Match the page to search intent
Before writing or editing, search the target keyword and study the leading results. If they are buying guides, a product page will struggle. If they are product pages, a long blog post will not win. Mirror the dominant format, then improve on depth, clarity, or freshness.
Build topical depth, not keyword density
Group related queries into clusters.

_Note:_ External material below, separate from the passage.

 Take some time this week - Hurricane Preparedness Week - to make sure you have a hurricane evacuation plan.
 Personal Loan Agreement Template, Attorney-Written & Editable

A pillar page covers the broad topic and links to supporting articles that answer specific sub-questions. This is how modern ranking works: Google rewards sites that demonstrate they cover a subject thoroughly, not pages that repeat a phrase.
Topic-clustering tools can build these clusters from your real Google Search Console data, which removes the guesswork of keyword research based on assumed intent.
Off-page approaches that still work
Off-page SEO is everything that happens beyond your own pages: links, mentions, and reputation signals. The goal is simple. Give Google reasons to trust that other people in your space find your content useful.
Earn links by being worth linking to
The most durable off-page approach is publishing original data, clear frameworks, or genuinely useful tools. A small piece of proprietary research often earns more links than a pile of generic posts. Once published, share it where your audience already gathers: industry newsletters, niche communities, and relevant podcasts.
Digital PR and guest contributions
Pitch guest articles to publications your customers actually read. One contextual link from a respected industry site outperforms many low-quality directory submissions. Skip link exchanges, paid link networks, and comment spam. They carry real risk and almost no reward.
Brand signals and reviews
Branded search interest, consistent business citations for local stores, and authentic reviews on Google and sector-specific platforms all reinforce credibility. They do not replace links, but they support the trust signals search engines weigh alongside backlinks.
Measure, then iterate
SEO without measurement turns into guesswork. Connect Google Search Console and your analytics, and review a few numbers regularly: impressions, clicks, average position, and click-through rate per page.
If a page has high impressions but few clicks, rewrite the title and meta description. If it has low impressions, the content probably does not match intent or lacks depth. If position has stalled partway down, you usually need stronger internal linking or external links rather than more words.
Results vary, but most sites that apply this loop consistently see meaningful changes over a span of months. SEO compounds. The work you do today shows up later, which is why patience and consistency outperform sporadic bursts.
Where to go from here
Pick one area to start
Do not try to fix everything at once. Choose either your technical baseline, your on-page checklist on the most important pages, or one off-page initiative. Finish it before starting the next.
Close the loop with your data
Whichever route you take, keep the principle in mind: clarity for search engines, usefulness for readers, and steady measurement. That is what improves website SEO over the long run.